These HTT proteins from different expression systems are modified with PTMs previously described in the literature as well as additional modifications of unknown physiological relevance but that do not seem to alter HTT function in its ability to form a complex with HAP40. We describe HTT protein methylation for the first time, a modification conferred by various protein methyltransferases, many with links to neurodegeneration (Ackloo et al., 2017). Further characterisation of these modifications and their function could open up novel avenues to understanding HTT protein structure-function. The constructs cloned may also be used in future studies for co-expression with modifying enzymes to make highly site-specific PTMs on the sample as well as to test how certain enzymes might function on HTT.
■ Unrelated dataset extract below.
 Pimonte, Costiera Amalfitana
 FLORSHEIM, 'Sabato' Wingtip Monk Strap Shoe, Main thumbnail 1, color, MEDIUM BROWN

Our work characterising the biophysical properties of HTT confirms that the protein is not monodisperse or homogenous when purified in its apo form. Coexpression and purification with HAP40 allows purification of a more monodisperse protein sample, rendering it amenable to more detailed structural analysis, as performed previously by cryoEM (Guo et al., 2018), but also by SAXS. It is unclear whether HAP40 is a constitutive binder of HTT in physiological settings although its effects on the biophysical characteristics of the HTT protein are clearly significant. Interestingly, very few HTT protein-protein interaction studies have identified HAP40 as an interacting protein of HTT and it is only identified in the published literature in a small number of articles (Guo et al., 2018; Peters and Ross, 2001) compared to the multiple extensive HTT interaction network publications (Ratovitski et al., 2012; Shirasaki et al., 2012).
Our SAXS analysis in tandem with molecular dynamics simulations permitted the generation of an SES ensemble, representing a possible solution structure of the HTT-HAP40 complex. This model gives insight into how HTT is post-translationally modified at flexible and accessible regions of sequence and suggests potential regulatory mechanisms such as steric capping of binding regions of the protein. Our SAXS model serves as an important resource for understanding the complete HTT-HAP40 complex, and should help prevent misinterpretation of certain features of the cryoEM structure which lacks ~26% of the protein molecule. In particular, the exon1 region of HTT is distal to the complex core and polyQ expansion does not affect HTT thermal stability as shown by DSLS. Therefore, it is likely that the effect of polyQ expansion on HTT structure-function is more nuanced. Both exon1 and the IDR have many of the hallmarks of interacting domains observed for intrinsically disordered protein regions (Darling and Uversky, 2018), as they are heavily modified by PTMs, are conformationally flexible and contain regions of charged amino acids (i.e. nearly 20 % of residues in the IDR are negatively charged). The purported role of huntingtin as a scaffold protein could be explained through dynamic protein-protein interactions mediated through these regions of the structure.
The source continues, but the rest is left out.